Movie Rating Prediction project involves building a model that predicts the rating of a movie based on features like genre, director, and actors. We use regression techniques to tackle this exciting problem. This enables us to explore data analysis, preprocessing, feature engineering, and machine learning modeling techniques

Goal

The main goal of this project is to analyze historical movie data and develop a model that accurately estimates the rating given to a movie by users or critics. By doing so, we aim to provide insights into the factors that influence movie ratings and create a model that can estimate the ratings of movies accurately.

Quick Link

Dataset: Movie Rating Prediction Dataset

Technologies Used

Python
Jupyter Notebook
Libraries: pandas, numpy, scikit-learn, seaborn, and matplotlib

Project Steps

1. Importing Libraries

# import necessary libraries required
import pandas as pd
import numpy as np
import matplotlib.pyplot as plt
import seaborn as sns
from sklearn.model_selection import train_test_split
from sklearn.linear_model import LinearRegression
from sklearn.metrics import r2_score
from sklearn.neighbors import KNeighborsRegressor

2. Reading Data

# read the dataset into a dataframe
df = pd.read_csv("movies.csv", encoding='latin1')
# show first five records of dataframe
df.head()

3. Data Preprocessing

# show the number of records and observations in the dataframe
df.shape

# check out the information on the dataframe
df.info()

# check out the missing values in each observation
df.isna().sum()

# drop records with missing value in any of the following columns: Name, Year, Duration, Votes, Rating
df.dropna(subset=['Name', 'Year', 'Duration', 'Votes', 'Rating'], inplace=True)

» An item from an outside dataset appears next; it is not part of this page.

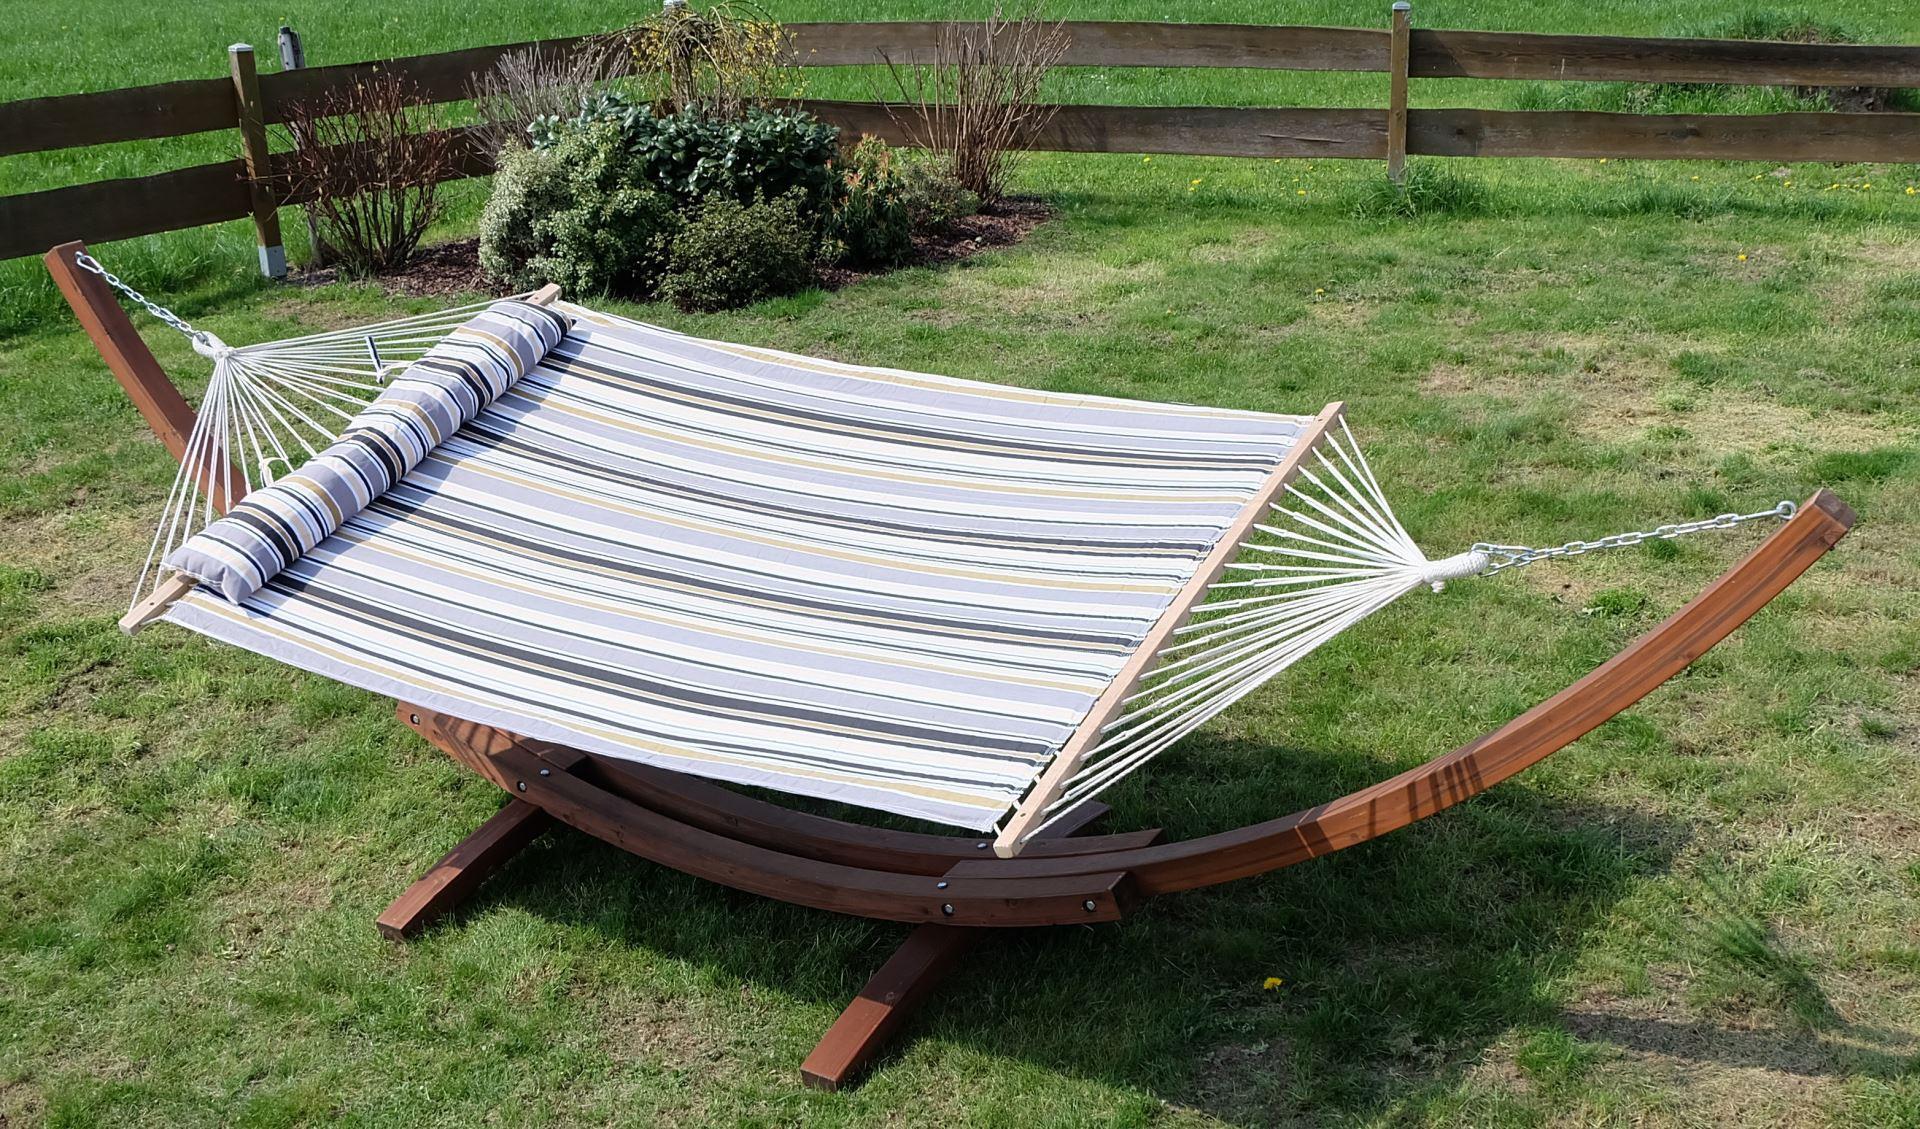 410cm h ngemattengestell holz l rche mit stab h ngematte. Black Bedroom Furniture Sets. Home Design Ideas

# check the missing values in each observation again
df.isna().sum()

# remove rows with duplicate movie records
df.drop_duplicates(subset=['Name', 'Year', 'Director'], keep='first', inplace=True)

# remove () from the Year column values and change the datatype to integer
df['Year'] = df['Year'].str.strip('()').astype(int)

# remove minutes from the Duration column values
df['Duration'] = df['Duration'].str.replace(r' min', '').astype(int)

# remove commas from Votes column and convert to integer
df['Votes'] = df['Votes'].str.replace(',', '').astype(int)

# show the number of records and observations after cleaning the dataframe
df.shape

# show the info on the cleaned dataframe
df.info()

# show the statistics of the dataframe
df.describe()

4. Exploratory Data Analysis (EDA)

i. Number of Movies each Year

# group the data by Year and count the number of movies in each year
yearly_movie_counts = df['Year'].value_counts().sort_index()

# create a bar chart
plt.figure(figsize=(18, 9))
plt.bar(yearly_movie_counts.index, yearly_movie_counts.values, color='darkred')
plt.xlabel('Year')
plt.ylabel('Number of Movies')
plt.title('Number of Movies Released Each Year')

# Show every second year on the x-axis and rotate x-labels for better readability
plt.xticks(yearly_movie_counts.index[::2], rotation=90)

for bar in bars:
    xval = bar.get_x() + bar.get_width() / 2
    yval = bar.get_height()
    plt.text(xval, yval, int(yval), ha='center', va='bottom', rotation= 90)

plt.show()

ii. Creating Genre Dummy Columns and Analyzing Movie Counts by Genre

# create dummy columns for each genre
dummies = df['Genre'].str.get_dummies(', ')
# creating a new dataframe which combines df and dummies
df_genre = pd.concat([df, dummies], axis=1)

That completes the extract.